BEGIN Data

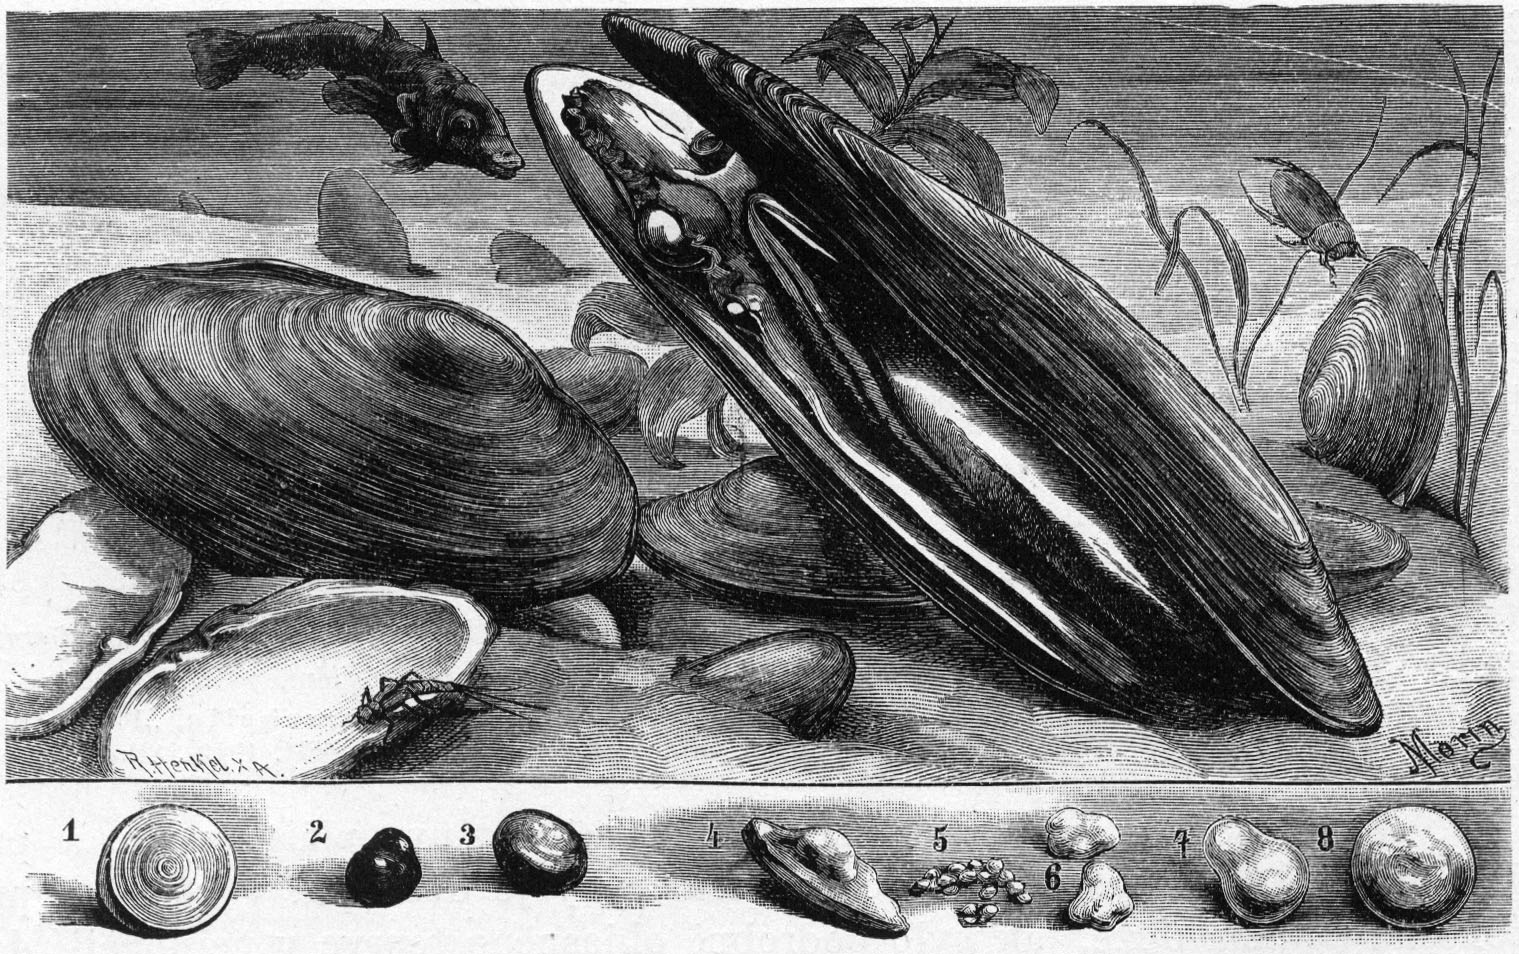 Abtauchen in benachbarte Gewässer nach Sachsen - gut geschmückt mit der vogtländischen Perle #perlenfischen
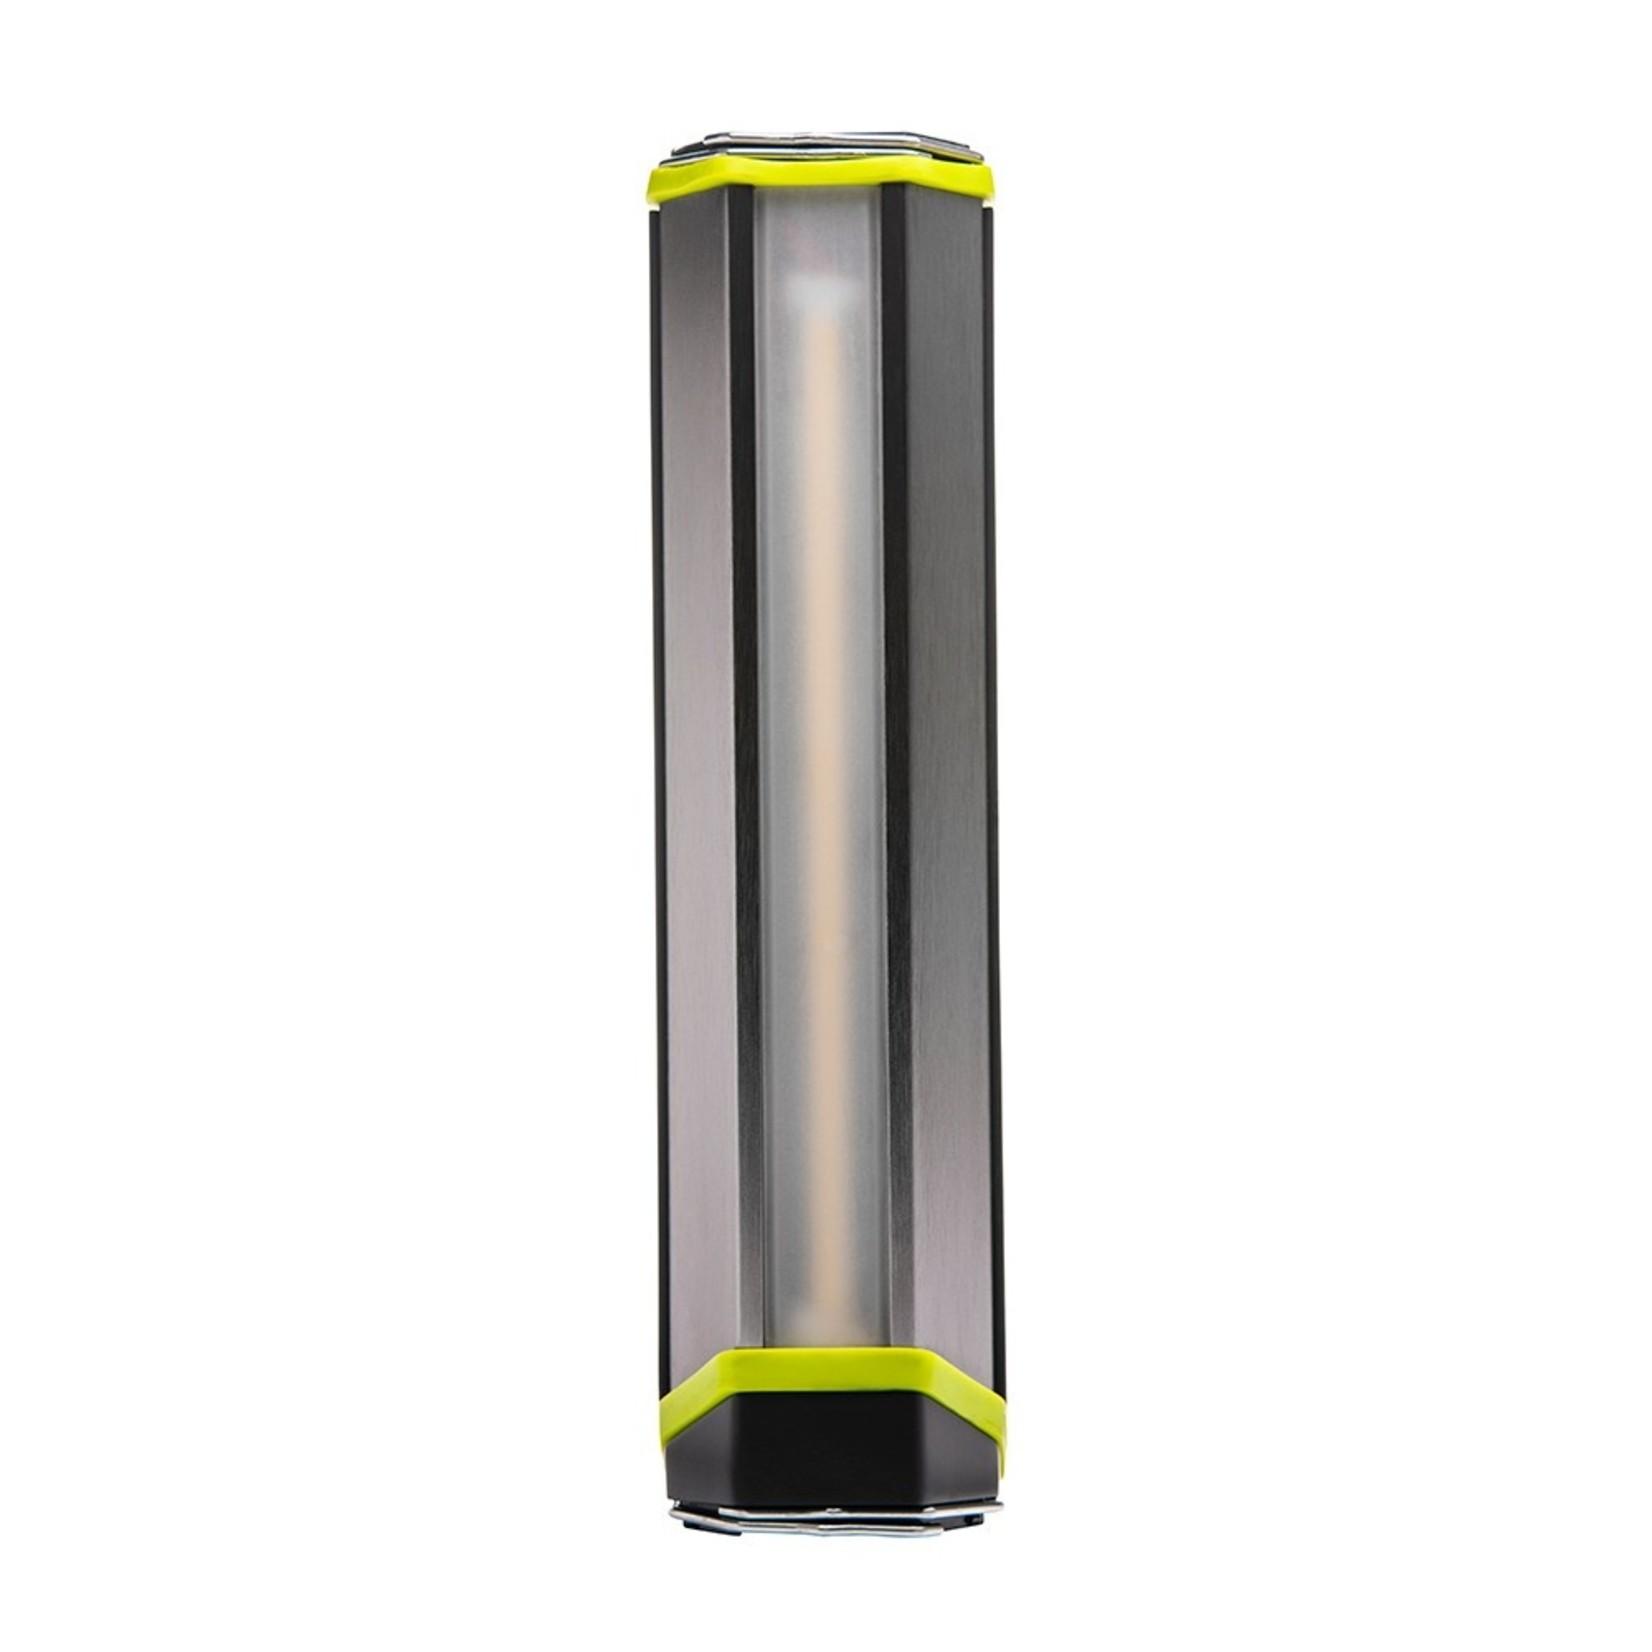 GOALZERO GOAL ZERO Torch 500 Mult-Purpose Light
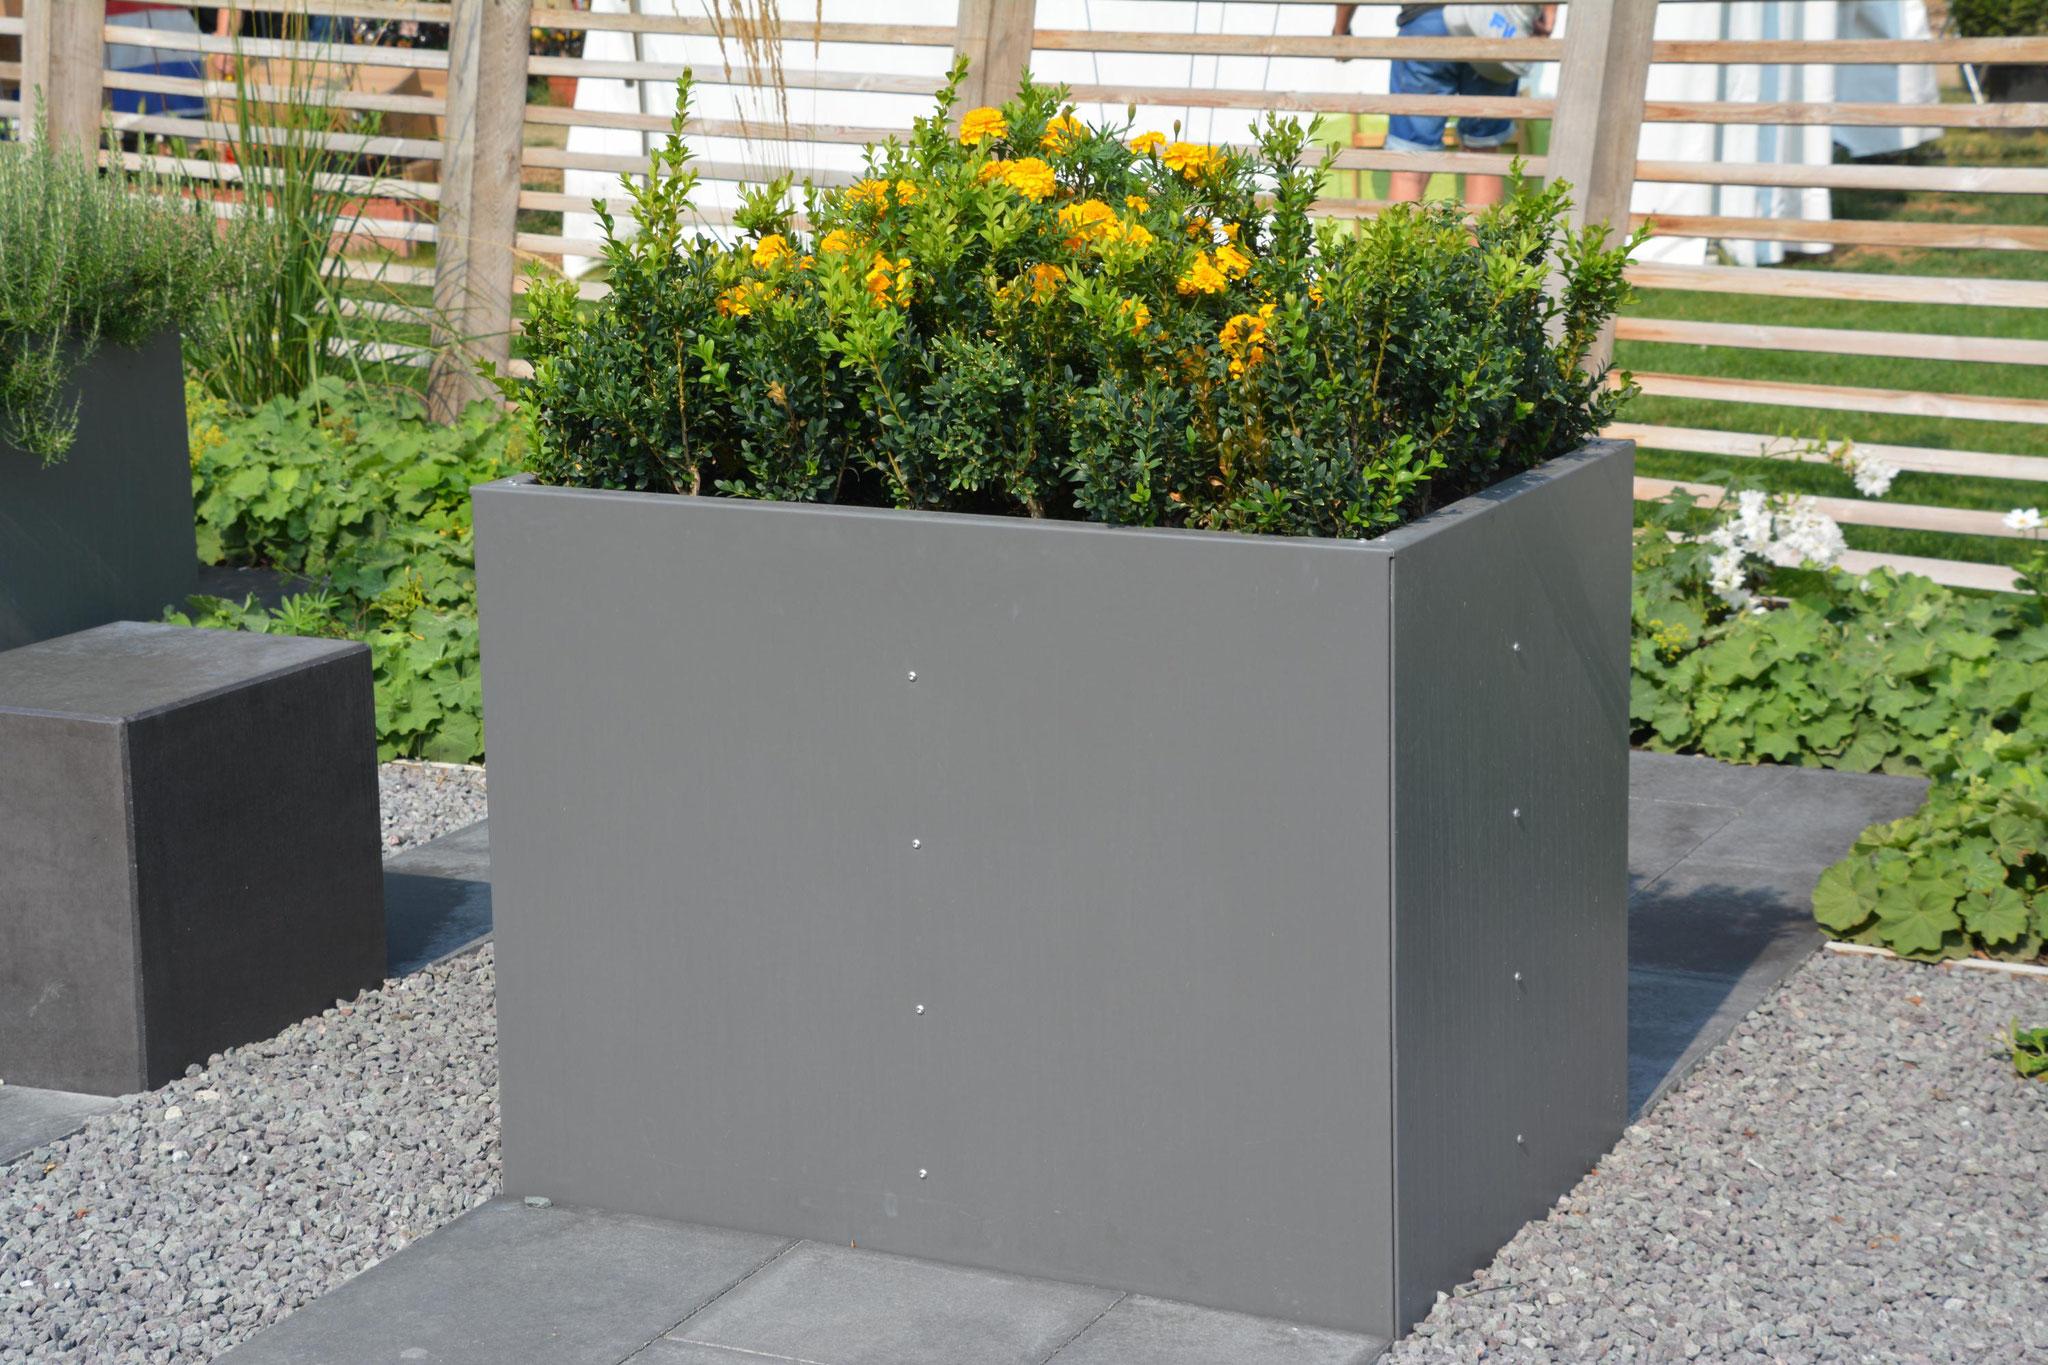 Full Size of Hochbeet Edelstahl Urban Metallmoebel24 Outdoor Küche Garten Edelstahlküche Gebraucht Wohnzimmer Hochbeet Edelstahl

END Data

Retype the data word for word, please, and keep the images out.

 Abtauchen in benachbarte Gewässer nach Sachsen - gut geschmückt mit der vogtländischen Perle #perlenfischen
 GOALZERO GOAL ZERO Torch 500 Mult-Purpose Light
 Full Size of Hochbeet Edelstahl Urban Metallmoebel24 Outdoor Küche Garten Edelstahlküche Gebraucht Wohnzimmer Hochbeet Edelstahl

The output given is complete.